A nouveau, les appréciations peuvent être différentes lorsqu’on parle du climat et des manifestations qui y sont liées. En 2019, lors d’une manifestation qui est désormais devenue classique, soit une manifestation pour alerter sur le dérèglement climatique, des individus avaient pénétré dans des locaux des Retraites Populaires et avaient dû être évacués. Deux ans plus tard, un procès a eu lieu durant lequel six personnalités scientifiques, dont deux de l’université, étaient intervenues dans le 24heures pour indiquer au juge que la gravité de la situation climatique justifiait ce type de manifestation. Or, quand un tribunal écoute les scientifiques, il y a acquittement. De plus, une association nommée arCHipels a transmis son numéro IBAN pour pouvoir soutenir cette manifestation. Il s’agissait d’une manifestation particulière et il était dérangeant de constater que des professeurs l’appuyaient. J’ai dès lors demandé pourquoi ces scientifiques ne respectaient pas un devoir de réserve.

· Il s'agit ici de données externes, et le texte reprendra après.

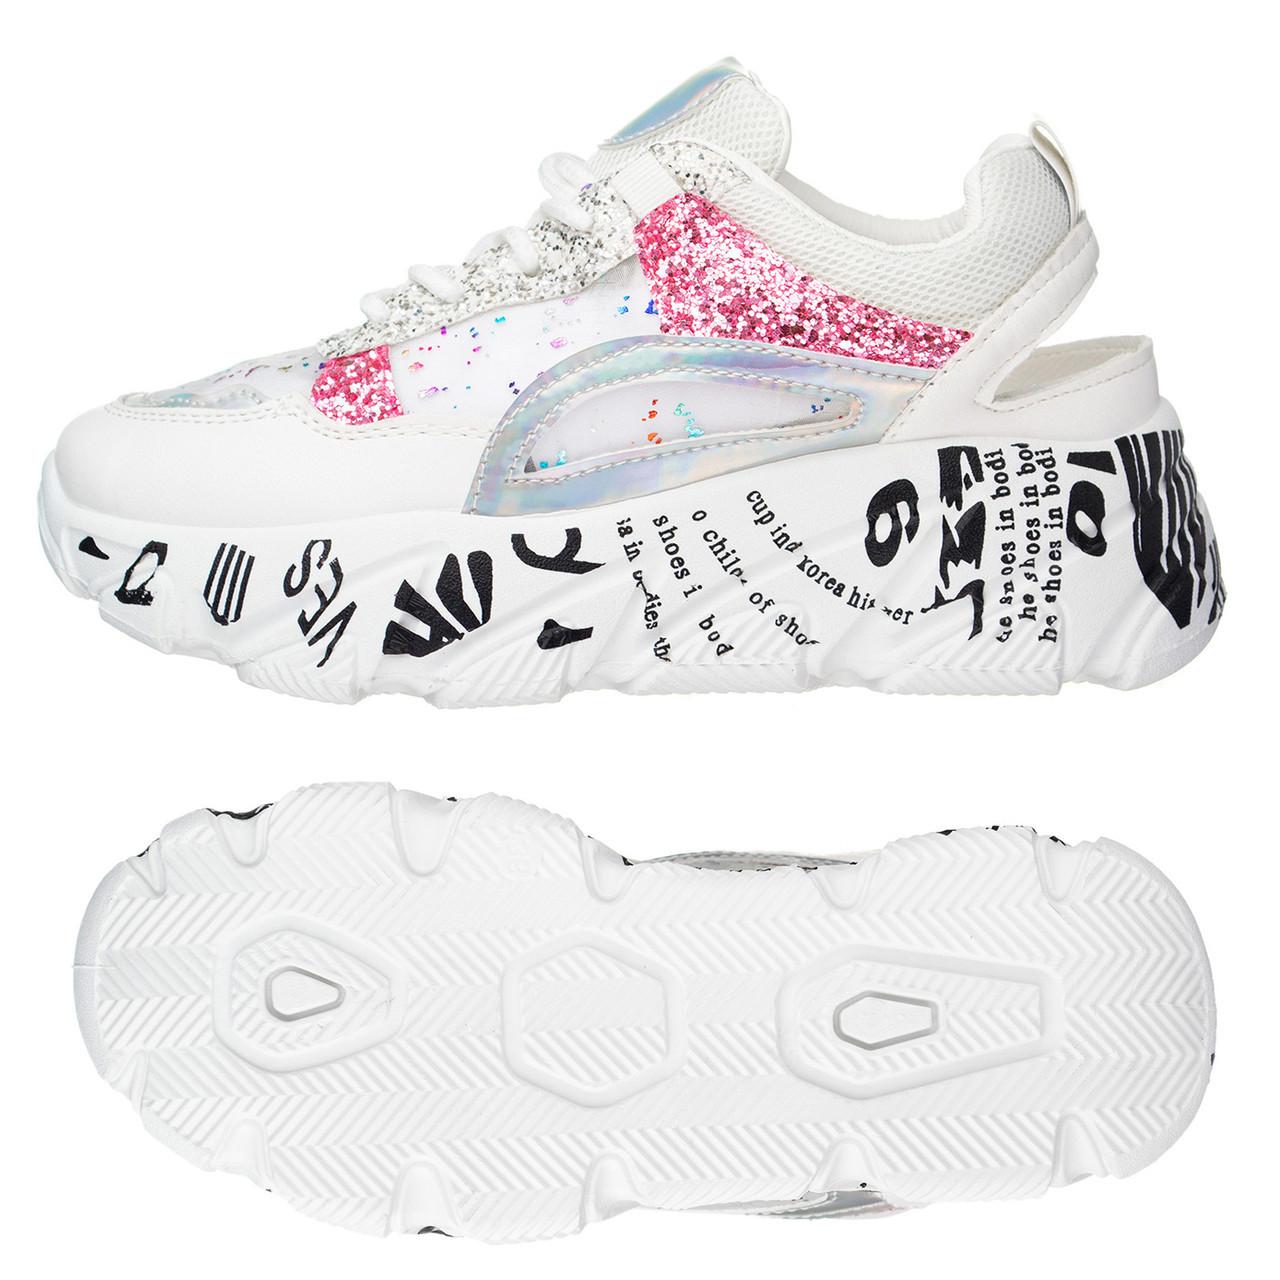 Жіночі кросівки EAC Fashion 38 White Pink

Le Conseil d’Etat procède à une sorte de gymnastique pour mettre en avant la liberté académique. Puis, il remarque qu’il est inhabituel d’assister à l’expression de cette liberté tant académique que privée. Dans le fond, on parle beaucoup de liberté et d’associations qui permettent aux uns et aux autres de s’exprimer librement à travers les médias. Il faut être conscient que des personnes avec une telle renommée ont un certain pouvoir et bénéficient d’une écoute, raison pour laquelle elles sont « utilisées ». Le Conseil d’Etat indique également n’être pas compétent et renvoie la responsabilité à la Direction de l’Université de Lausanne (Unil) qui devrait être sensibilisée à cette problématique.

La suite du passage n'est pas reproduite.